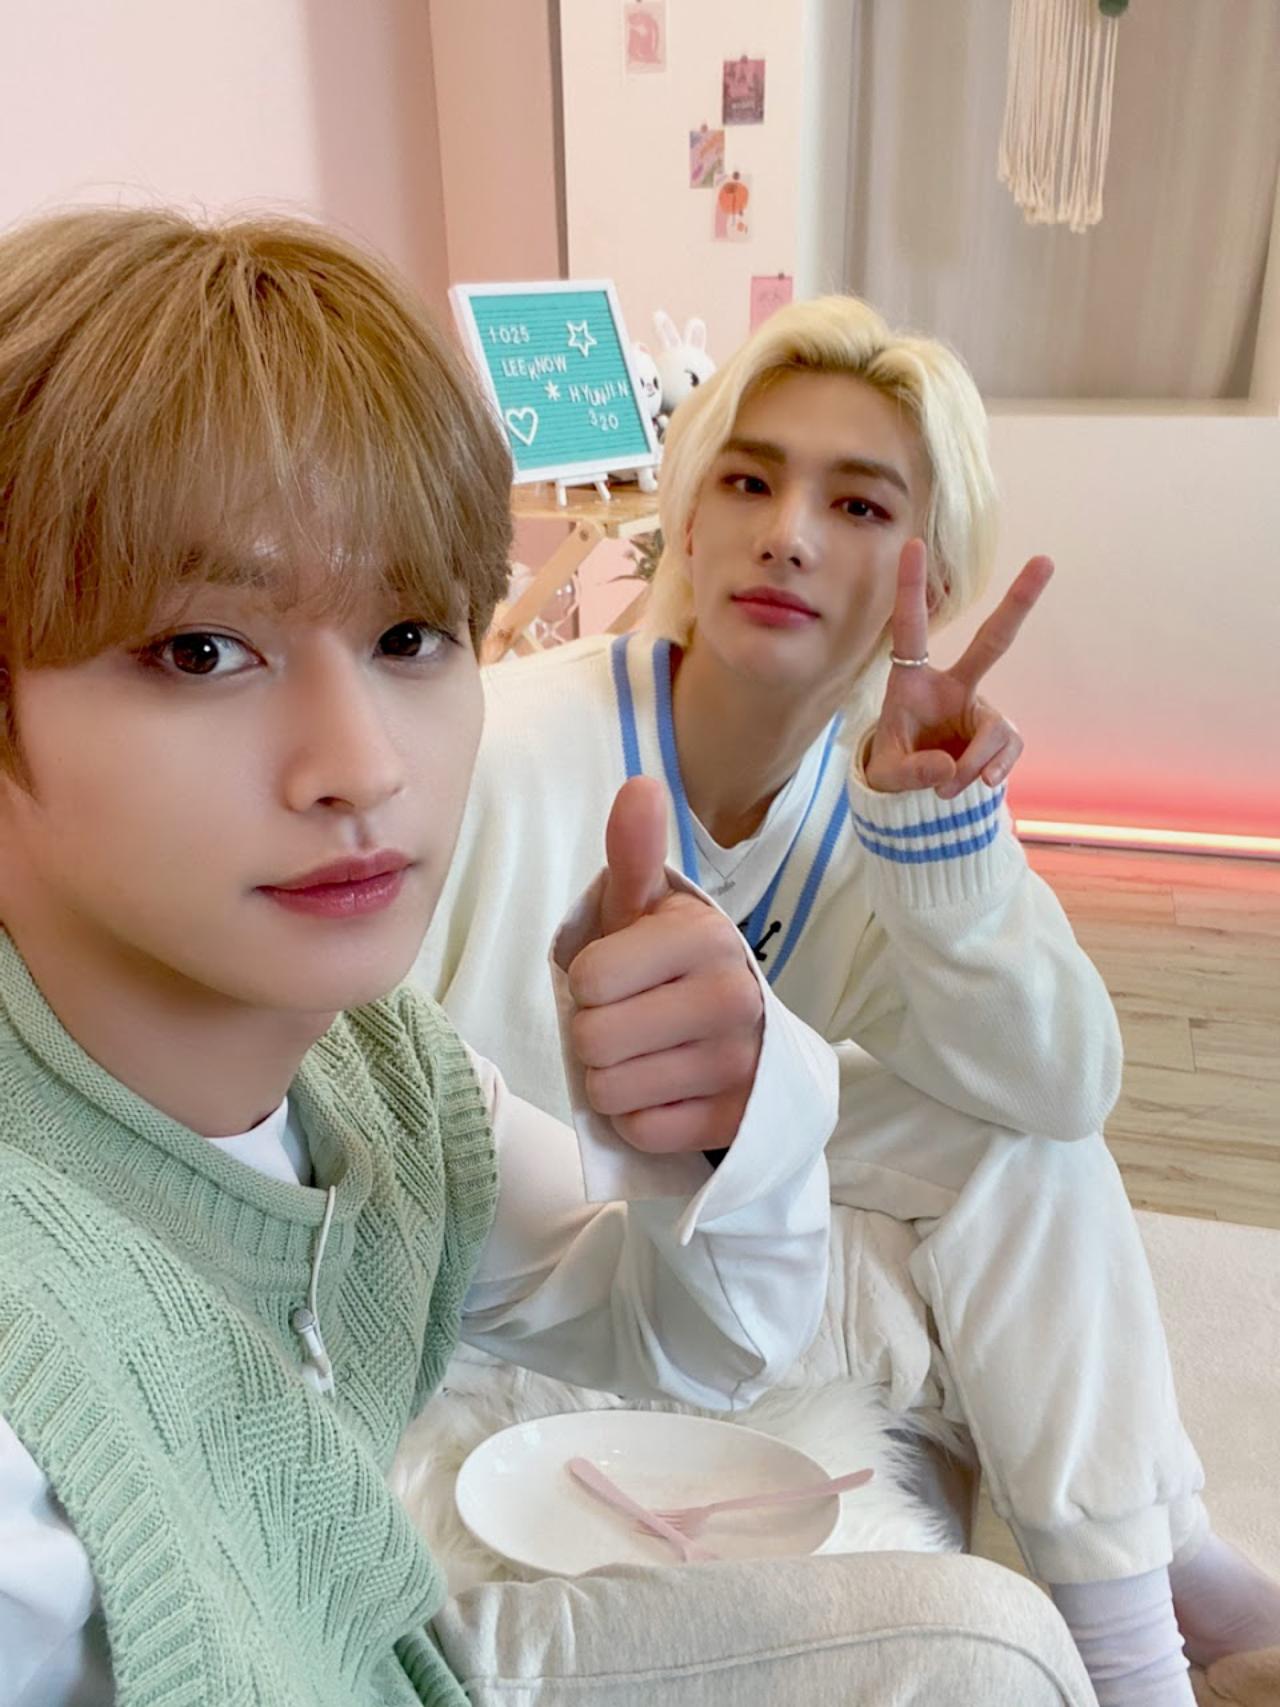 Stray Kids' Lee Know and Hyunjin
This laugh-a-minute duo, Lee Know and Hyunjin, are fan favorites thanks to the legendary tissue tale. Lee Know hilariously warns he'll cram Hyunjin's mouth with tissues when they're butting heads. But that's not their only unique way of sorting out their squabbles - STAYs will recall the unforgettable air fryer episode. Their comical friendship is just pure gold!
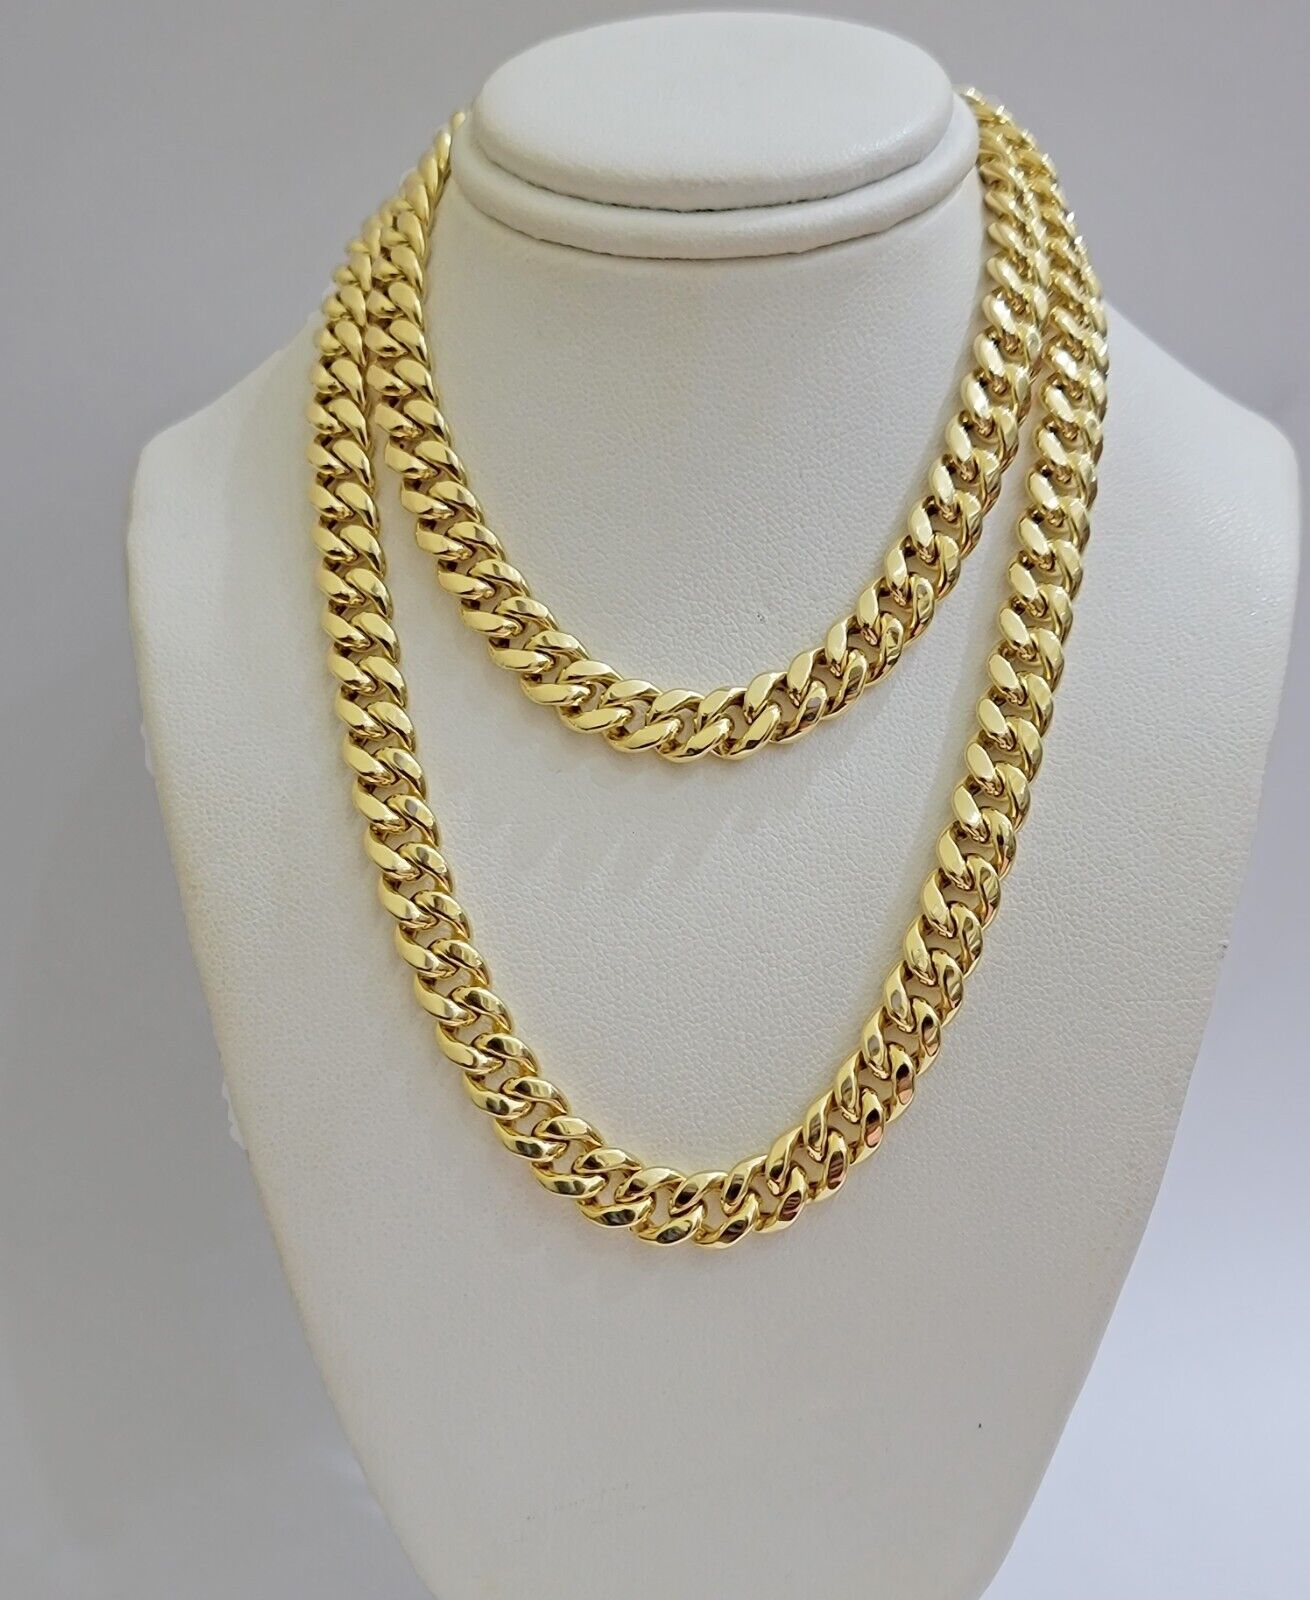 Men's Gold Chains | The Gold Gods
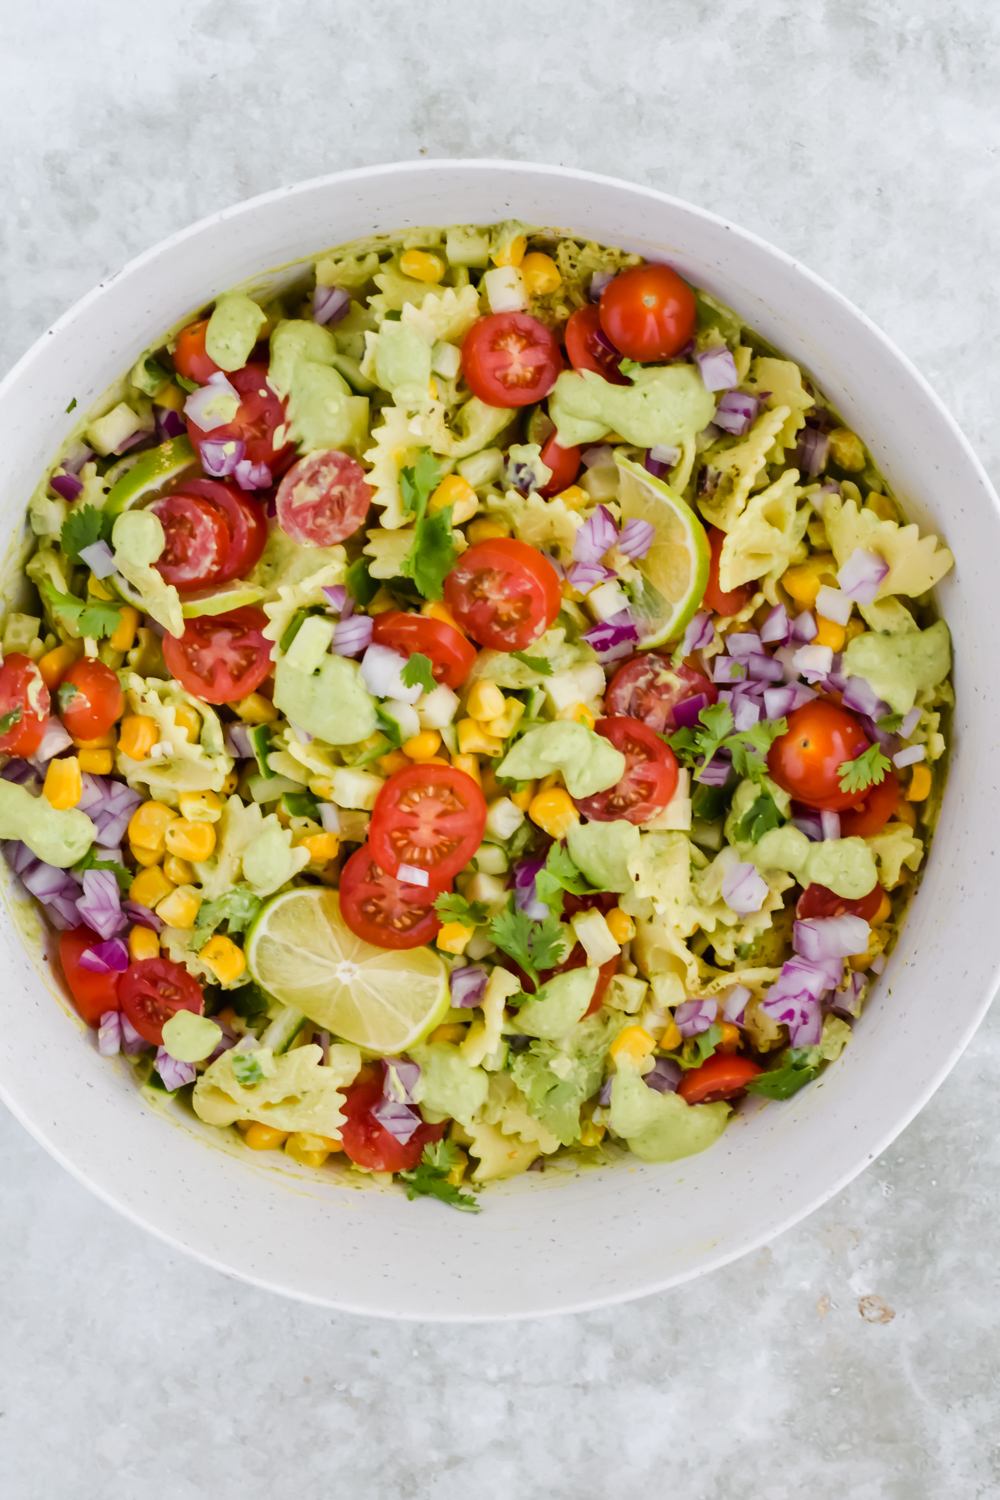 cilantro lime pasta salad tossed in large white mixing bowl on light gray background.
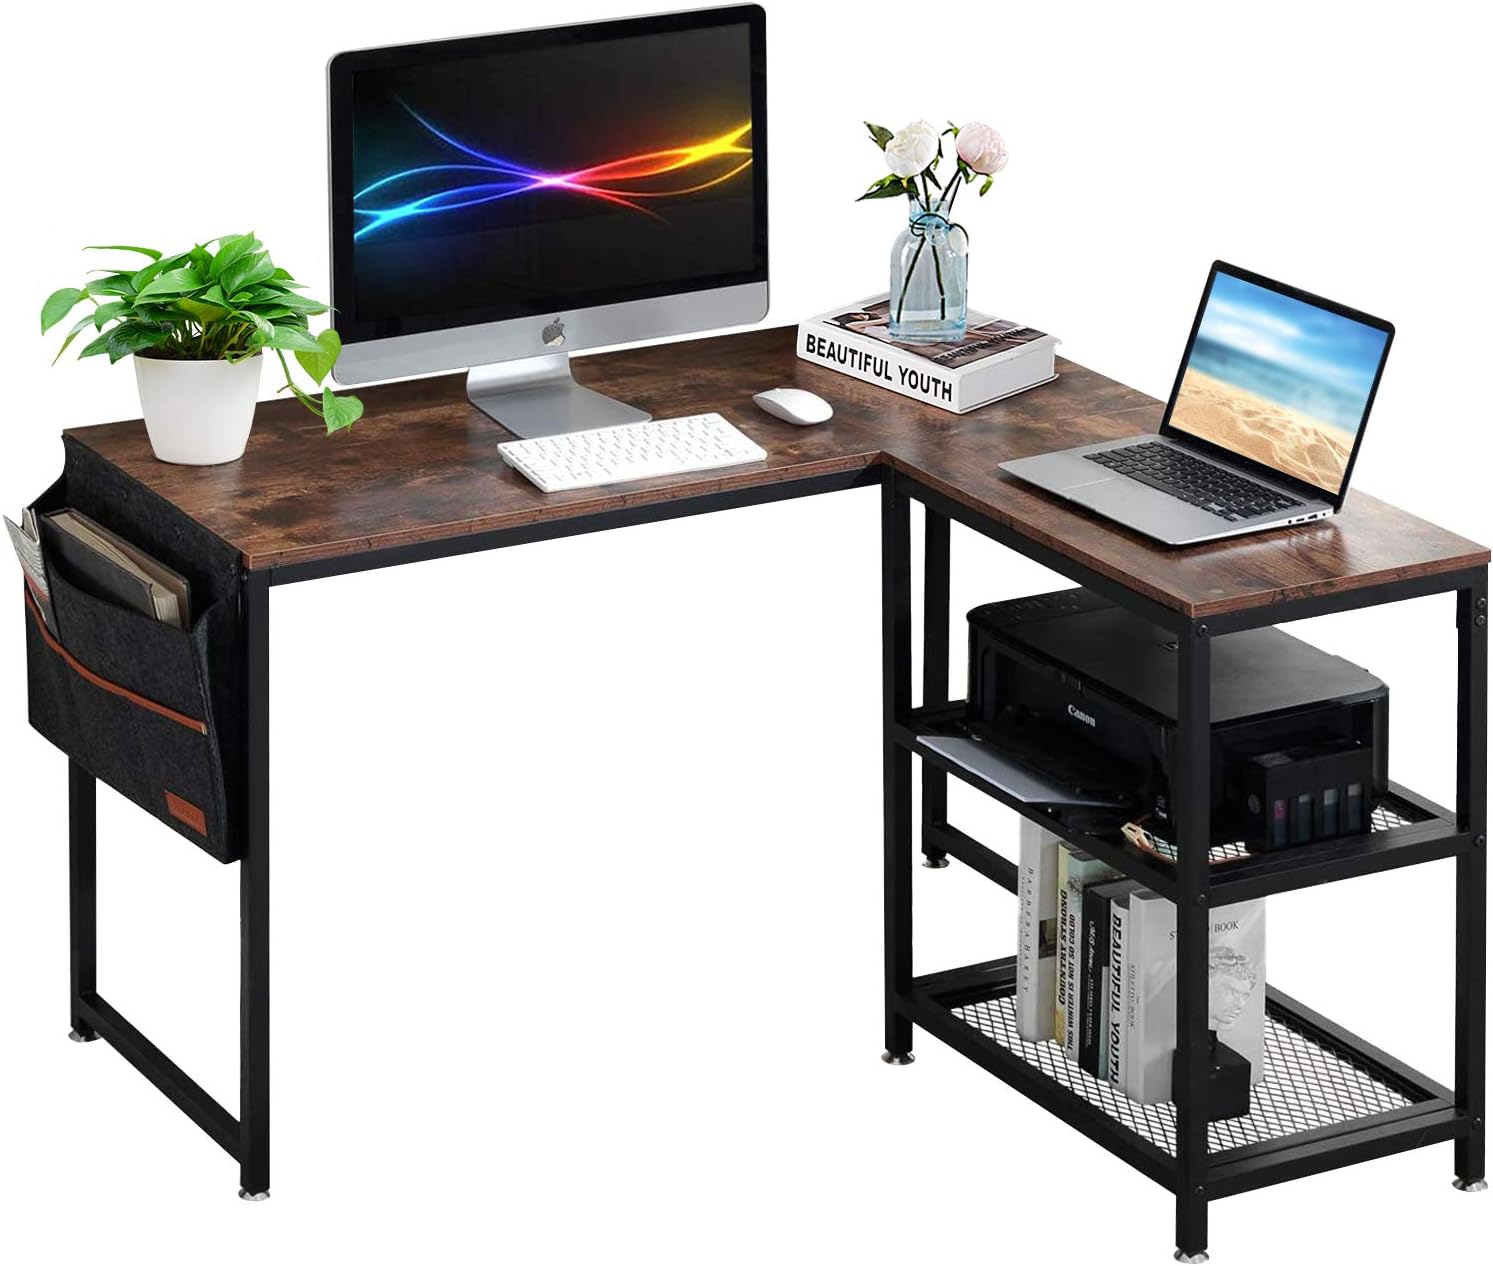 PAZANO Table Study Computer Office Table for Adults 【L90xW60cm】 Computer  Table for Home,Work Office Desk,pc Desktop Table,Wooden Table for Office  Work

::::::::::

What is wanted is the listing, written out exactly, with each picture removed.

 Stray Kids' Lee Know and Hyunjin
This laugh-a-minute duo, Lee Know and Hyunjin, are fan favorites thanks to the legendary tissue tale. Lee Know hilariously warns he'll cram Hyunjin's mouth with tissues when they're butting heads. But that's not their only unique way of sorting out their squabbles - STAYs will recall the unforgettable air fryer episode. Their comical friendship is just pure gold!
 Men's Gold Chains | The Gold Gods
 cilantro lime pasta salad tossed in large white mixing bowl on light gray background.
 PAZANO Table Study Computer Office Table for Adults 【L90xW60cm】 Computer  Table for Home,Work Office Desk,pc Desktop Table,Wooden Table for Office  Work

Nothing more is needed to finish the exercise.